Post date: Sep 21, 2015 6:32:40 PM
We first ran the script removeIndels.pl on all of the aln*sam files to drop all reads that were not part of one of our haplotype loci or that contained an indel. This generated a noindel*sam alignment file for each individual. Note that we still want to know the indel count per haplotype locus, and a script findIndelsSam.pl is running now to count these. But for now, we are moving forward with the nonindel*sam files.

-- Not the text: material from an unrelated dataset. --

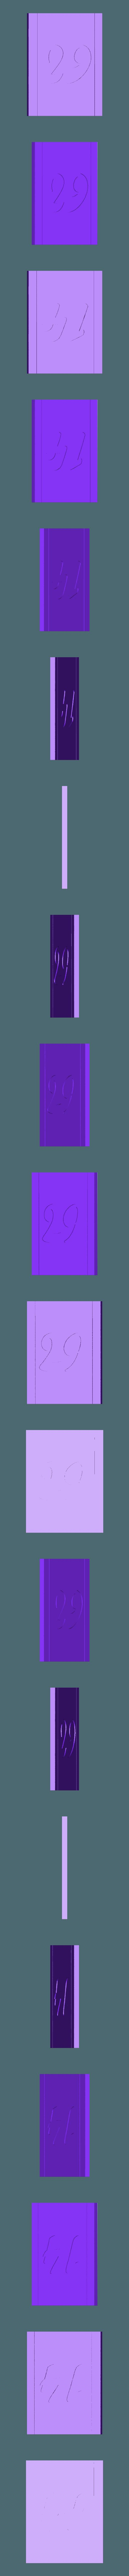 29_-_14.stl Download free SCAD file Perpetual Flip Calendar (W/ Customizable Font) • 3D printable model, Dsk

We used samtools to convert these sam files to bam files (here is an example command for one individual, note that we are re-headering the samfiles as the header was not retained from before):
cd /home/A01963476/data/aspen/gbs/Assemblies/
samtools view -H /labs/evolution/data/aspen/gbs/Assemblies/alnUSF_4701_D.sorted.bam > headerUSF_4701_D
cat headerUSF_4701_D /labs/evolution/data/aspen/gbs/Assemblies/noindel_alnUSF_4701_D.sorted.sam > tempUSF_4701_D.sam
samtools view -b -S -o /labs/evolution/data/aspen/gbs/Assemblies/noindel_alnUSF_4701_D.sorted.bam tempUSF_4701_D.sam
samtools sort /labs/evolution/data/aspen/gbs/Assemblies/noindel_alnUSF_4701_D.sorted.bam /labs/evolution/data/aspen/gbs/Assemblies/noindel_alnUSF_4701_D.sorted.sorted
samtools index /labs/evolution/data/aspen/gbs/Assemblies/noindel_alnUSF_4701_D.sorted.sorted.bam
The file indelCnts.txt now contains the number of reads with indels (column 3) and number of reads total (column 4) for each locus, but I still need to summarize it.